Bug #44884 | KILL of FLUSH TABLES does not remove TDC version lock on tables in use | ||
---|---|---|---|
Submitted: | 14 May 2009 18:50 | ||
Reporter: | Shawn Green | Email Updates: | |
Status: | Verified | Impact on me: | |
Category: | MySQL Server: Locking | Severity: | S3 (Non-critical) |
Version: | 5.0.51a,5.0.66a,5.1.31sp1 | OS: | Any |
Assigned to: | CPU Architecture: | Any |
[14 May 2009 18:50]
Shawn Green
[2 Feb 2010 1:14]
Erik Jones
Hello, I have just run up against this issue and have a simpler way to replicate it that only requires 3 sessions: Prep: Load a large table, we'll call it big_table below. Steps to reproduce: Session 1: SELECT COUNT(*) FROM big_table; Session 2: FLUSH TABLES WITH READ LOCK; -- this will hang, as expected Session 3: SELECT * FROM big_table LIMIT 1; -- this will hang, as expected Session 2: <ctrl-c> At this point the SELECT query in Session 3 should complete since the blocking FLUSH TABLES WITH READ LOCK request is gone, but it does not until the query in Session 1 completes or is killed.
[16 Mar 2010 17:00]
Konstantin Osipov
The synopsis is wrong. There is no such thing as "status flag". FLUSH TABLES increases the table cache version. As such, this operation is instant. Then it waits for all tables with the old versions to go away. This can take a very long time. KILLing a blocked FLUSH TABLES will abort the wait -- but well, to no effect, the FLUSH process has been initiated. Note, that FLUSH TABLES <list> WITH READ LOCK in 5.5.3 does not have this effect.
[5 May 2010 4:18]
Roel Van de Paar
Any updates?
[5 May 2010 7:53]
Konstantin Osipov
This will not be fixed in 5.5.
[21 May 2010 15:15]
Konstantin Osipov
The first thing FLUSH TABLES does it to mark TABLE_SHARE::version of all tables in the cache as invalid.
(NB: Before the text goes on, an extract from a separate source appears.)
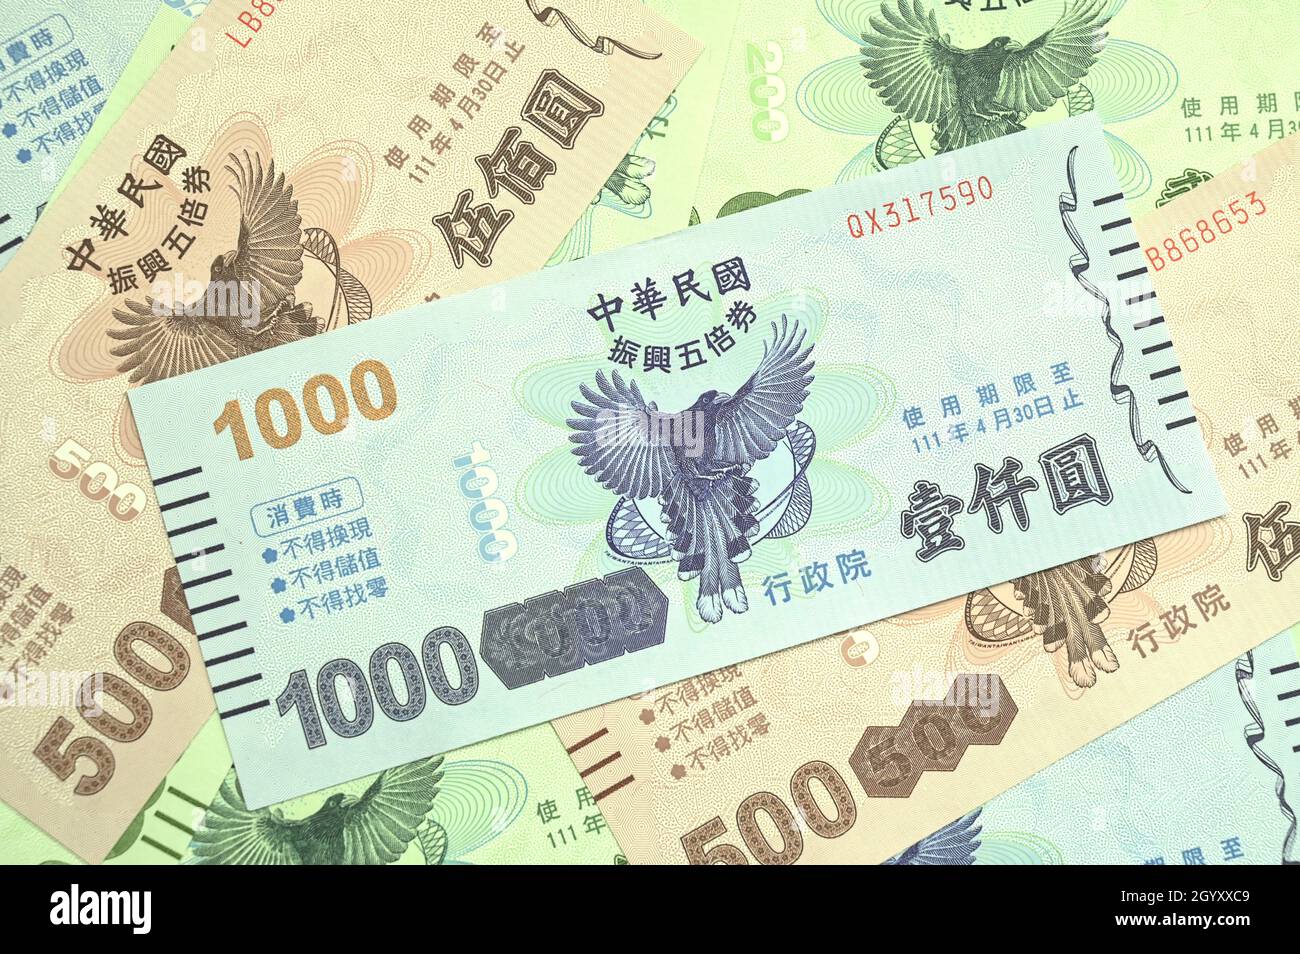 Taipei, Taiwan - Oct 10, 2021 : Quintuple Stimulus Voucher. Taiwan government issued the stimulus voucher to give the economy a boost. Stock Photo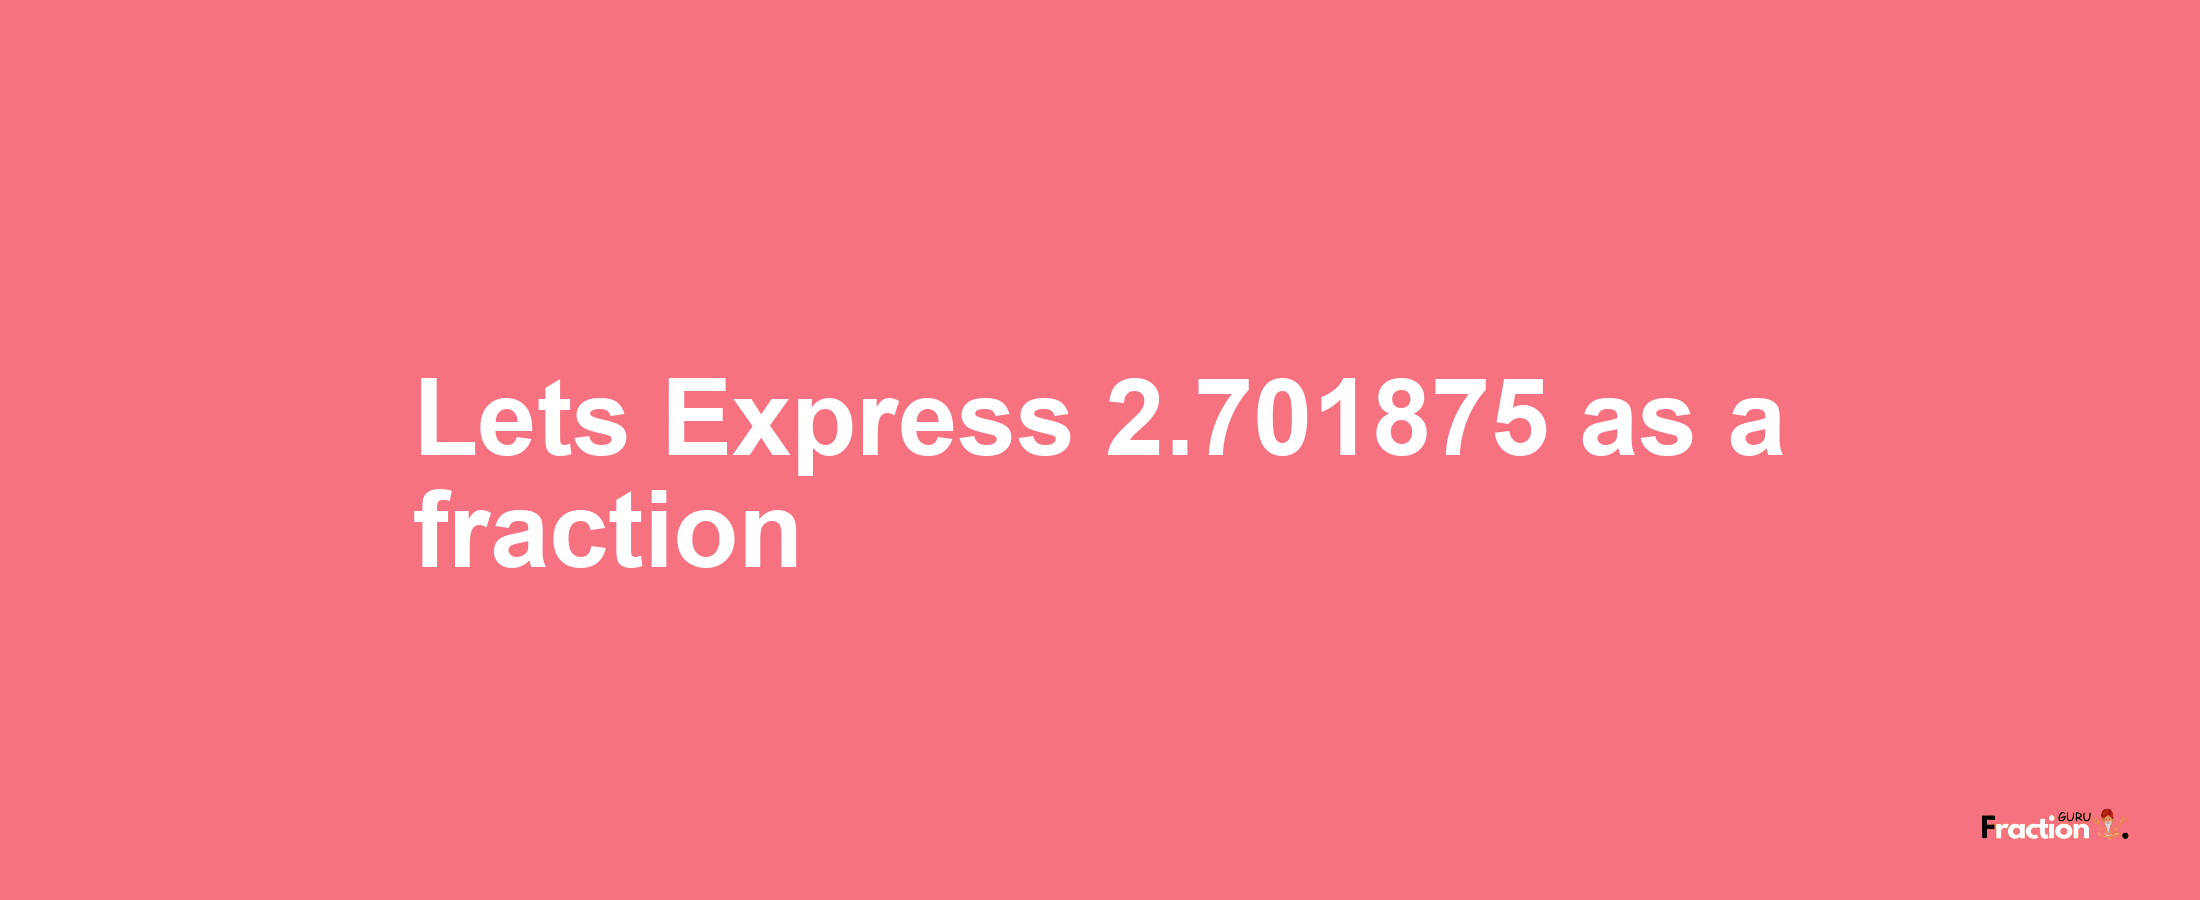 Lets Express 2.701875 as afraction

This is done by increasing the global table cache version. Tables with old TABLE_SHARE::version can not be used by new connections/transactions. Killing FLUSH TABLE does not undo invalidation of TABLE_SHARE::version of tables in use: we can't know how many invalidations has happened since and how far we need to undo. When the table is no longer in use it is removed from the cache and receives a new version.
[25 May 2010 3:11]
James Day
Workaround: KILL of the long-running query or queries that are preventing other queries from starting is the workaround for this. Pick the one with longest run time, KILL it, repeat until the problem goes away. Some possible bits of work related to this: 1. Some indication in SHOW PROCESSLIST output for FLUSH TABLES saying "waiting for older queries to end" may be helpful and could be referenced in the manual to reduce confusion. This might be sufficient to eliminate trouble reports, though not the trouble itself. 2. I suppose we could introduce a maximum wait time and KILL queries started before the FLUSH TABLES after that wait has expired. 3. I suppose that flushing only old entries and allowing new entries to be created immediately would be a better long term solution.
[26 May 2010 11:46]
Konstantin Osipov
The bug is a side effect of FLUSH TABLES implementation, which works as intended. Essentially, FLUSH TABLES statement should be seen by all as a combination of two commands: FLUSH TABLES NOWAIT, which is instant, and marks all tables for invalidation, and waiting for the invalidated tables to disappear. A table marked for invalidation can not be used in any connection. The request in this bug report is, essentially, when the second step is killed, to undo the effects of the first step. This is quite hard to accomplish since the two steps are not performed in one atomic block. We're looking at changing the implementation of FLUSH TABLES to only mark tables for flush, and then gradually expel flushed tables one by one. At this point it's unclear how to expel even a single table without disturbing concurrent transactions -- i.e. in a non-blocking fashion. Even when we solve that, however, the solution may have impact on performance of highly loaded and highly concurrent servers, and uncover some up to now unknown side effects, especially since currently FLUSH TABLES leads to ER_LOCK_DEADLOCK errors produced in transactional environments (i.e. simply aborts transactions).
[26 May 2010 11:47]
Konstantin Osipov
(Explaining reasons for setting high risk).
[26 May 2010 14:00]
James Day
What would the effort and work required be to do change what shows up in processlist to tell people what is happening? That should be enough to prevent most reports of this problem, even though it won't actually solve it. Would be a good and probably easy first step and the rest can be done later.
[12 Oct 2018 6:54]
MySQL Verification Team
Is Bug#65777 duplicated of this bug ?